All this suggests that who is on top now could be irrelevant. Looking at who is leading now only tells us who is leading now, not who will win the early states, and certainly not who will win the nomination. It could be Biden, it could be Warren, it could even be Julián Castro or Amy Klobuchar.
Scott Olson/Getty Images
Democratic presidential candidate, former HUD Secretary Julián Castro marches with supporters at the Polk County Democrats’ Steak Fry, in Des Moines, Iowa, on September 21, 2019.
And perhaps this is why, despite voters on the state and national levels all telling pollsters they have plenty of choices and don’t want any more, Patrick announced recently he is entering the race and Bloomberg has hinted he might do the same.
The only thing voters have made clear beyond that they are largely satisfied with the number of current choices, is that what they want most in a nominee is someone who can defeat President Donald Trump.

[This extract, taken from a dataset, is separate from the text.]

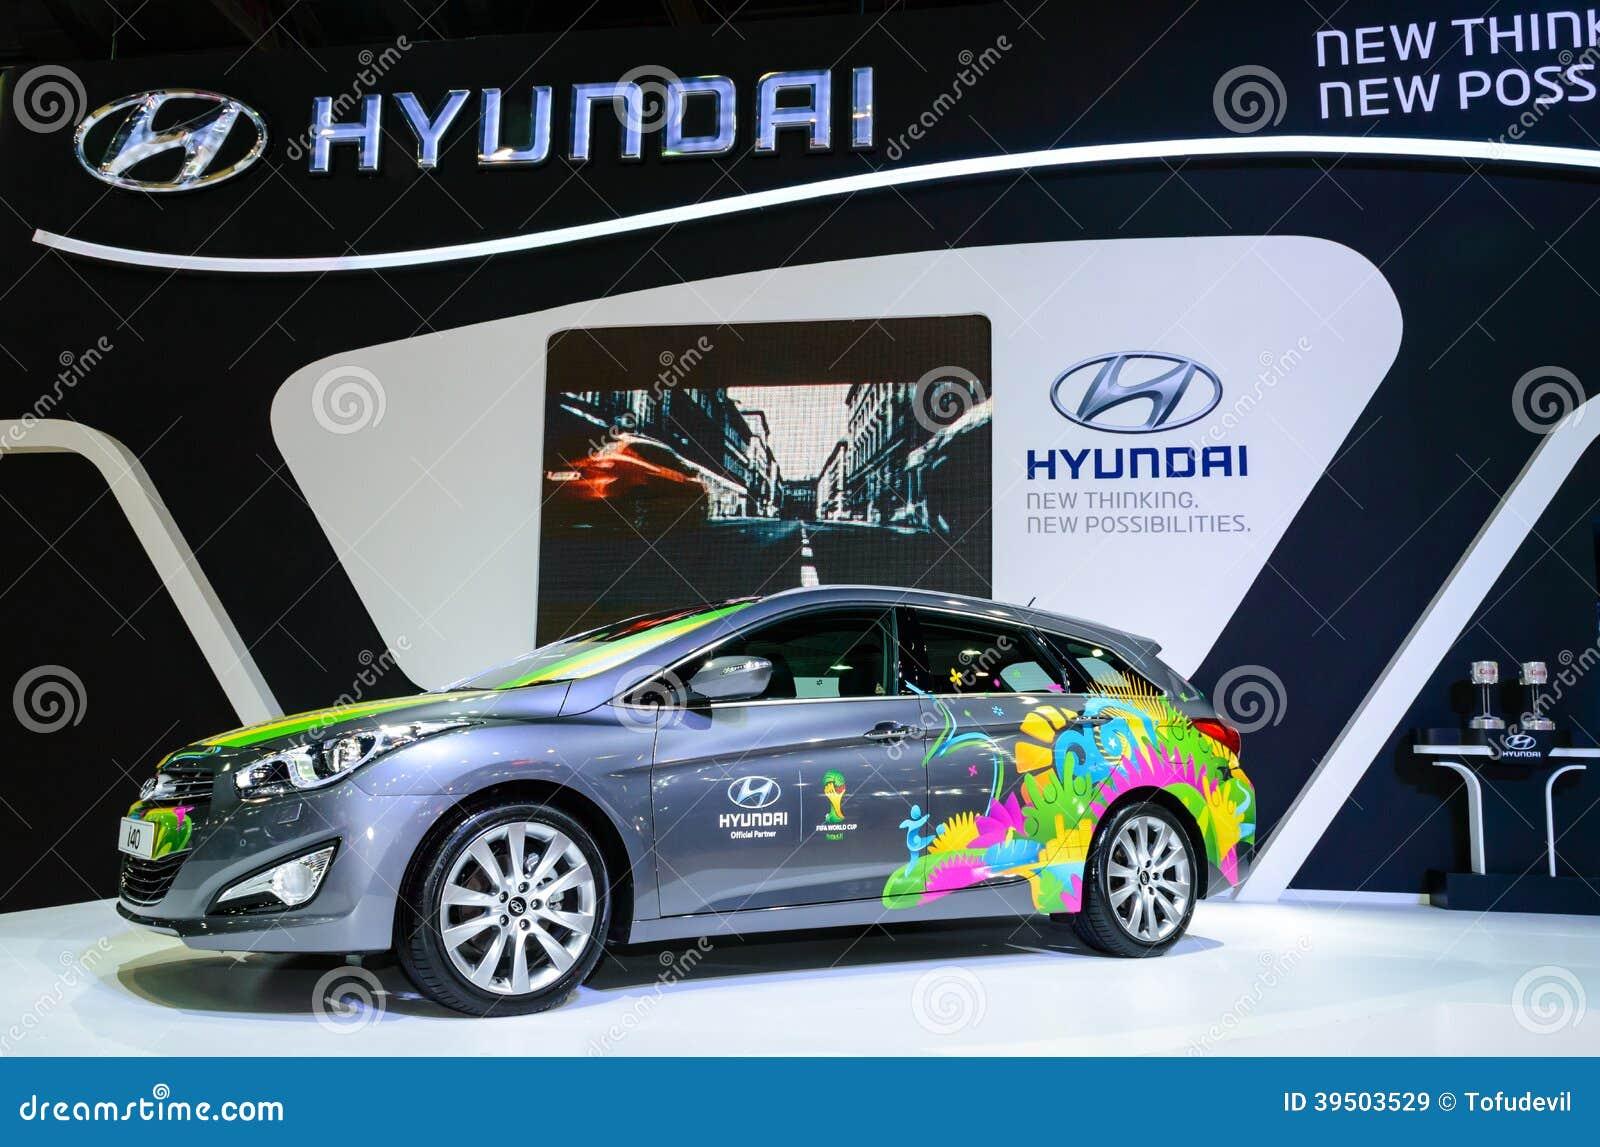 Hyundai i40 Brazil Edition Skin.

A November Fox News poll of Nevada voters found 74 percent said beating Trump is the most important thing in a candidate; 63 percent of Iowans told the Register having a nominee capable of defeating Trump is more important than having one with policies they support. A national November Economist/YouGov poll found 65 percent of respondents saying it’s more important to have a nominee who can beat Trump than one who aligns with their personal policy positions.
Again, there is no consensus on who that person is, and each candidate has made the case for their own electability many times over. It won’t be clear who Democrats think stands the best chance until next year, and we’re still a year away from knowing whether those primary voters will be correct.